Understanding the Response

{
  "answer": "To authenticate with the Groq API...",
  "query": "How do I authenticate with the Groq API?",
  "searchResults": [
    {
      "path": "api/authentication",
      "url": "https://console.groq.com/docs/api/authentication",
      "title": "Authentication",
      "score": 92.5
    }
  ],
  "contextUsed": 5,
  "totalTokens": 8500,
  "metadata": {
    "strategy": "llama-3.3-70b-default",
    "model": "llama-3.3-70b-versatile",
    "temperature": 0.3,
    "searchResultsCount": 10,
    "timings": {
      "search": 45.2,
      "contextPrep": 5.1,
      "llm": 1250.3,
      "total": 1300.6
    }
  }
}

Key Fields

answer: The LLM-generated answer (markdown formatted)
query: Your original question
searchResults: Top pages used as context (with scores)
contextUsed: Number of pages actually sent to the LLM
totalTokens: Approximate tokens in the context
metadata.timings: Performance breakdown

Switching Strategies

Current Strategy

The active strategy is set in answer/index.ts:

// Default: Llama 3.3 70B with up to 5 doc pages
import { answerStrategy } from "./llama-3.3-70b-default.ts";

Available Strategies

Currently available:

✅ llama-3.3-70b-default: Balanced quality and speed

Coming soon (you can implement these!):

⚡ llama-3.1-8b-fast: Faster responses with smaller model
📚 mixtral-8x7b-extended: More context with larger model
💻 llama-3.3-70b-code: Optimized for code examples
🔗 citation-mode: Includes specific citations

Switching

Comment out current strategy in answer/index.ts
Uncomment the strategy you want to use
Restart the server

// answer/index.ts

// Comment out default
// import { answerStrategy } from "./llama-3.3-70b-default.ts";

// Use fast strategy instead
import { answerStrategy } from "./llama-3.1-8b-fast.ts";

Query Parameters

Required

q: The question to answer
```
?q=How+do+I+use+streaming
```

Optional

limit: Max search results (default: 10)
```
?limit=20
```
minScore: Minimum search score 0-100 (default: 0)
```
?minScore=50
```
maxContextPages: Pages to send to LLM (default: 5)
```
?maxContextPages=3
```
temperature: LLM temperature 0-1 (default: 0.3)
```
?temperature=0.5
```
model: Override the model (optional)
```
?model=llama-3.1-8b-instant
```

Example Combinations

# Fast mode: fewer pages, instant model
curl "http://localhost:8000/answer?q=What+is+Groq&maxContextPages=2&model=llama-3.1-8b-instant"

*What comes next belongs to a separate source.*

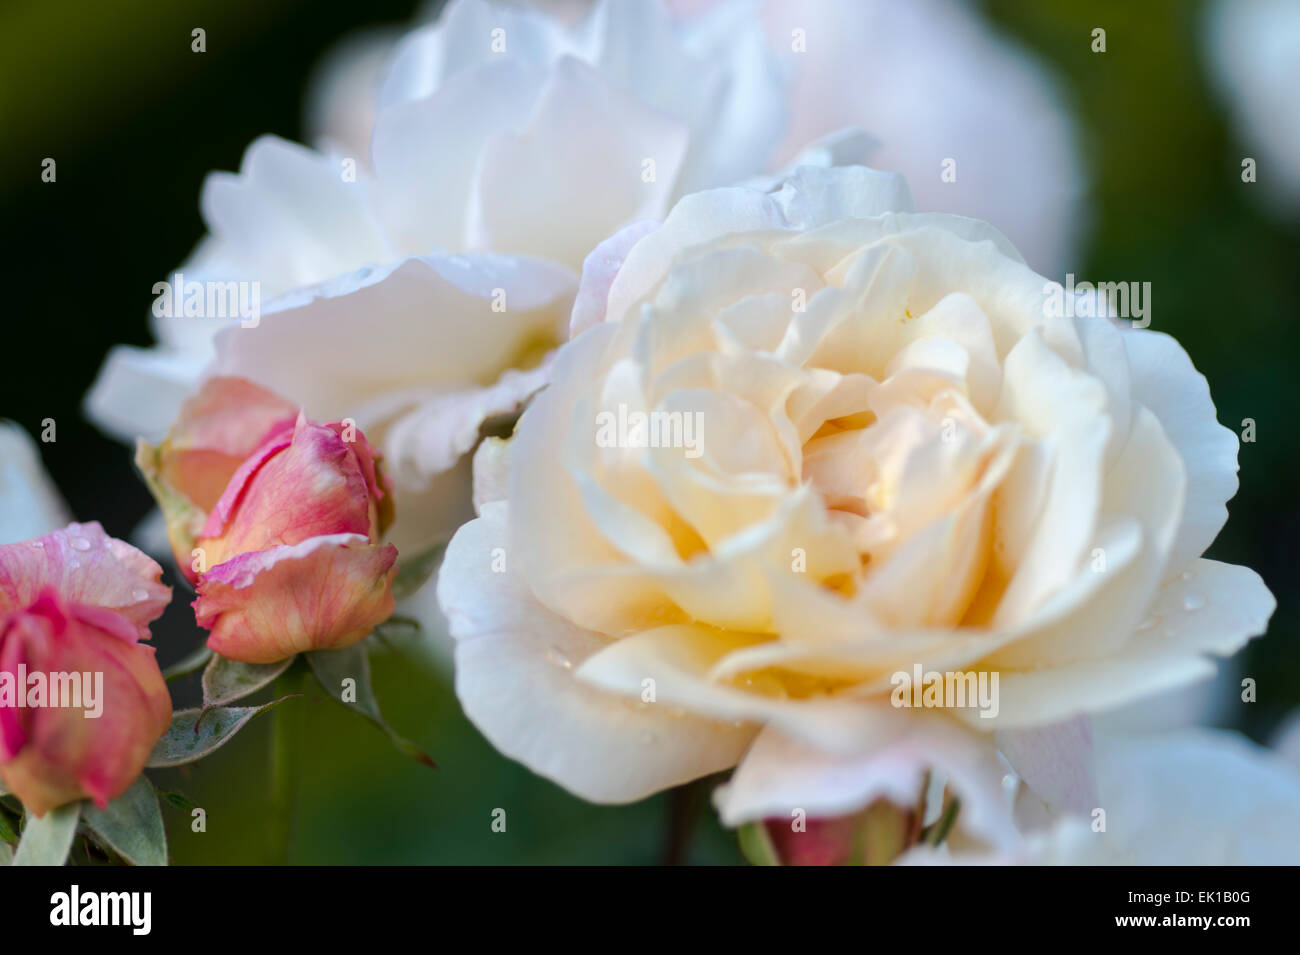 Rosa, Gruss an Aachen, white rose Stock Photo

# High quality: more pages, higher threshold
curl "http://localhost:8000/answer?q=How+to+implement+retry+logic&limit=20&minScore=60&maxContextPages=7"

# Creative mode: higher temperature
curl "http://localhost:8000/answer?q=Ideas+for+using+Groq+API&temperature=0.8"

Common Question Types

Factual Questions

Good for: Quick facts, definitions, model names

curl "http://localhost:8000/answer?q=What+models+does+Groq+support"

Best settings: Default (5 pages, temp 0.3)

How-To Questions

Good for: Implementation guides, step-by-step instructions

curl "http://localhost:8000/answer?q=How+do+I+implement+streaming"

Best settings: More pages (6-8), low temp (0.2-0.3)

Code Examples

Good for: Requesting code snippets

curl "http://localhost:8000/answer?q=Show+me+a+Python+example+of+calling+the+API"

Best settings: Code-focused strategy (when available), temp 0.3

Comparison Questions

Good for: Comparing models, features, approaches

curl "http://localhost:8000/answer?q=Difference+between+Llama+3.1+and+3.3"

Best settings: More pages (7-10), temp 0.3

Complex Questions

Good for: Multi-part questions requiring reasoning

curl "http://localhost:8000/answer?q=How+to+build+a+chatbot+with+streaming+and+conversation+history"

Best settings: More pages (8-10), 70B+ model, temp 0.4

Troubleshooting

No Answer Generated

Problem: Returns error or empty answer

Possible causes:

No search results found
GROQ_API_KEY not set
Rate limit exceeded

Solution:

# Check if search works
curl "http://localhost:8000/search?q=your+question"

# Verify API key
echo $GROQ_API_KEY

# Check strategy info
curl "http://localhost:8000/answer/info"

Poor Answer Quality

Problem: Answer is vague, incorrect, or unhelpful

Possible causes:

Search results not relevant
Not enough context (too few pages)
Temperature too high

Solutions:

# Check search results first
curl "http://localhost:8000/search?q=your+question&limit=10"

# Increase context
curl "http://localhost:8000/answer?q=your+question&maxContextPages=8"

# Lower temperature
curl "http://localhost:8000/answer?q=your+question&temperature=0.2"

# Increase search quality threshold
curl "http://localhost:8000/answer?q=your+question&minScore=60"

Slow Responses

Problem: Takes >5 seconds to respond

Possible causes:

Slow search strategy
Too many pages in context
Large model

Solutions:

# Use fewer pages
curl "http://localhost:8000/answer?q=your+question&maxContextPages=3"

# Switch to faster model
curl "http://localhost:8000/answer?q=your+question&model=llama-3.1-8b-instant"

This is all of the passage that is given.